Fig 1. Yield of extract obtained by different solvents: Data presented in bars is described as mean values ± standard error with superscripts is significantly different according to “DMRT” P ≥0.05).

EtOH; (Ethanol), EA; (Ethyl Acetate), DCM; (Dichloromethane), DW; (Distilled Water).

The maximum extract was obtained by ethanol (4.34%) whereas; minimum extract quantity (2.39%) was afforded by dichloromethane.

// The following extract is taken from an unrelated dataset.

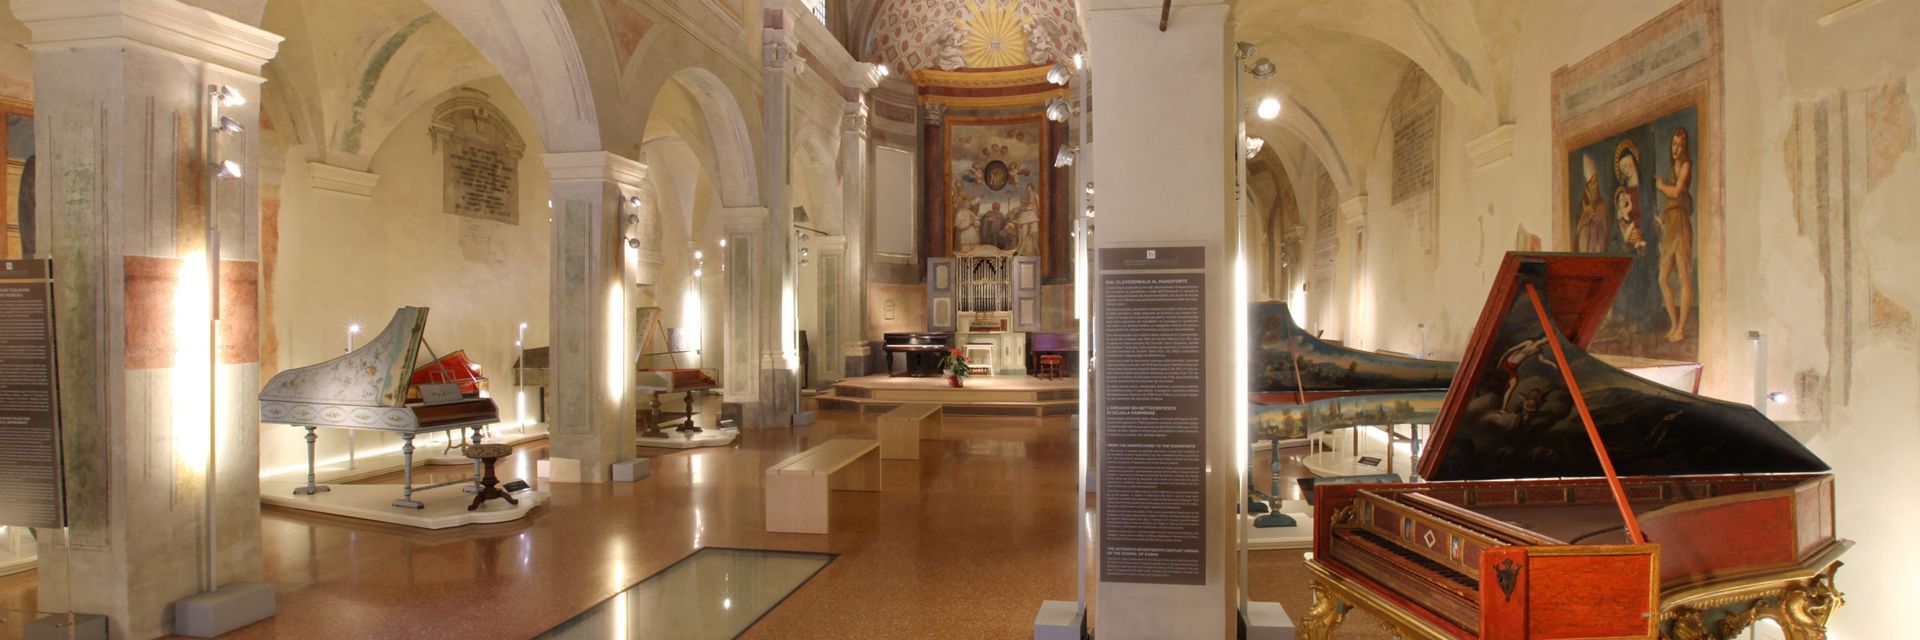 San Colombano - Tagliavini Collection
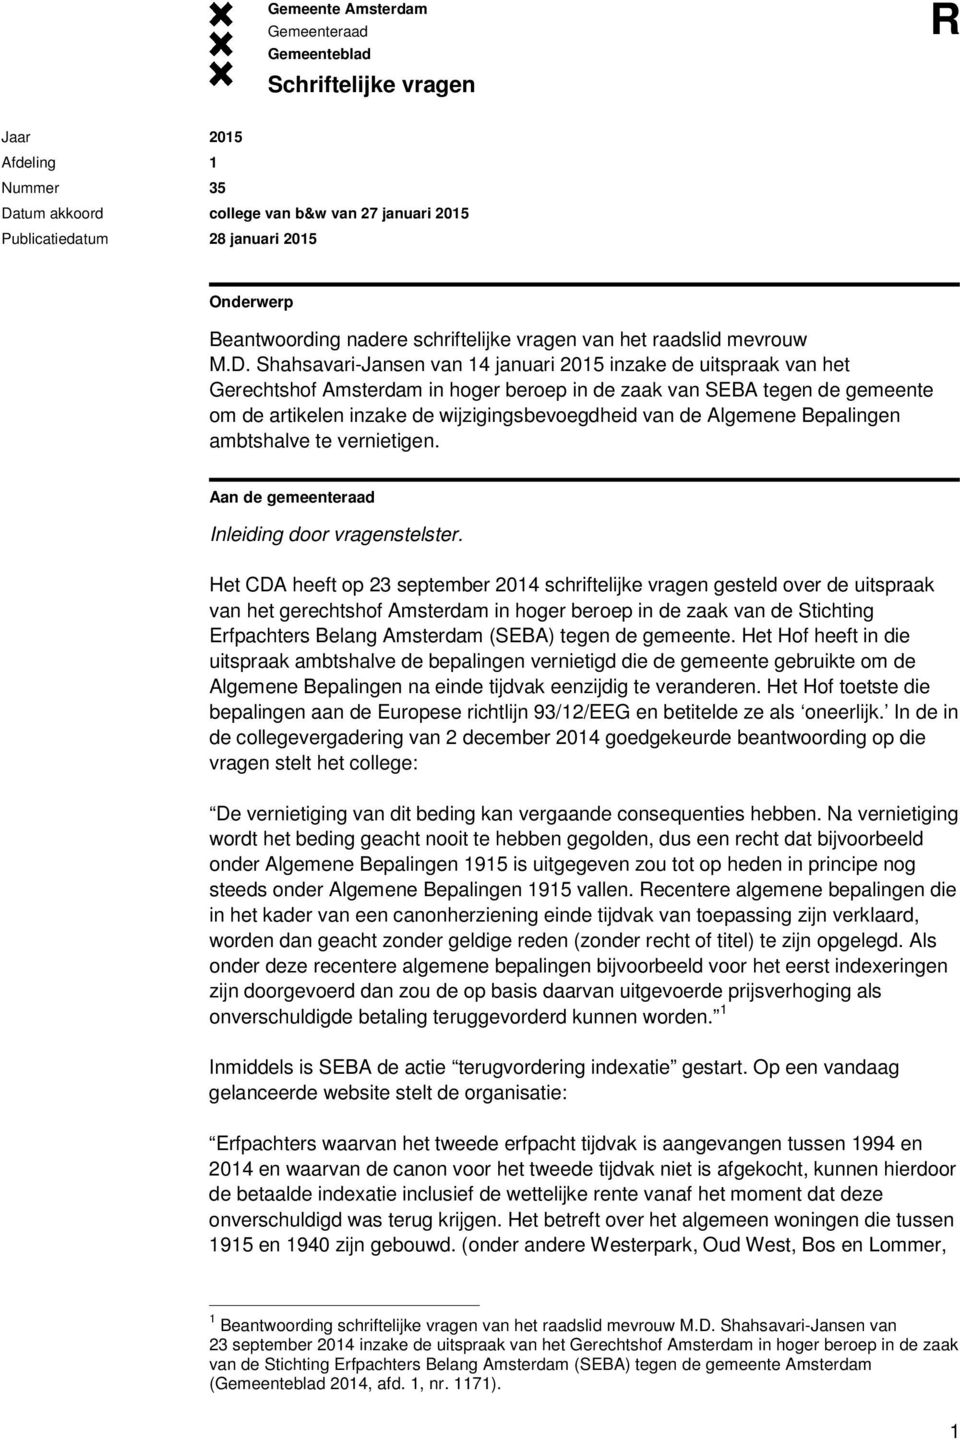 Shahsavari-Jansen van 14 januari 2015 inzake de uitspraak van het Gerechtshof Amsterdam in hoger beroep in de zaak van SEBA tegen de gemeente om de artikelen inzake de wijzigingsbevoegdheid van de

The extract obtained via ethanol and ethyl acetate was bluish green and greenish in color and exhibited consistency, respectively. The same oil was brownish in color and non-consistent via dichloromethane and distilled water, respectively, (Table 1).

Table 1. Physical appearance of the flower’s extract of Parthenium hysterophorus.

Extract	Visibility	Physical Nature	Consistency
EtOH	Bluish green	Oily	Consistent
EA	Greenish	Oily	Consistent
DCM	Brownish	Oily/Gummy	Non-consistent
DW	Brownish	Oily/Gummy	Non-consistent

EtOH; (Ethanol), EA; (Ethyl Acetate), DCM; (Dichloromethane), DW; (Distilled water).

Analysis for phenol and flavonoid and antioxidant activity

The total contents for phenol and flavonoid as well as DPPH scavenging activity afforded by P. hysterophorus flower’s extract via different solvents are presented in (Table 2). Results confirmed that the highest total phenol were reported from distilled water 103.30 GAE/g followed by Ethyl acetate and Ethanol’ extract, 47.79 and 27.55 GAEg^-1, respectively. On the other hand highest flavonoid was reported from Ethyl acetate extract 138.67 QEg^-1 followed by Ethanol 14.23 QEg^-1 respectively.

Table 2. Total phenol, flavonoid content and DPPH radical scavenging activity of the flower’s extract of Parthenium hysterophorus.

Extracts	Phenol (GAEg-1)	Flavonoid (QEg-1)	DPPH Inhibition (%)
EtOH	27.55±1.46c	14.23±0.10b	88.53±0.11b
EA	47.79±0.85b	138.67±2.20a	67.21±0.19c
DCM	30.50±0.00d	15.38±0.04c	95.03±1.58a
DW	103.30±1.16a	4.81±0.01c	18.73±0.89d
Statics	S.S = 24268	S.S = 248063	S.S = 13880
	M.S = 8069	M.S = 82687	M.S = 4626
	Df = 3	Df = 3	M.S = 3
	f = 2564***	f = 22488***	f = 1031***

Data in the columns is described as mean values ± standard deviations with various superscripts are significantly different according to DMRT” P≤ 0.05). S.S (Sum of square); M.S (Mean square); Df (Degree of freedom); f (Significance);

*** (significance level).

Inhibition (%) was determined by 1,1-Diphenyl-1-picrylhydrazyl (DPPH) displayed color absorption at 517nm on using spectrophotometer. When DPPH trap free radicals, the color of the solution changed to light yellow and, subsequently, resulted in decrease of the absorbance. Maximum DPPH radical scavenging activity was afforded by Dichloromethane extract 95.03% followed by Ethanol and Ethyl acetate 88.53% and 67.21%, respectively.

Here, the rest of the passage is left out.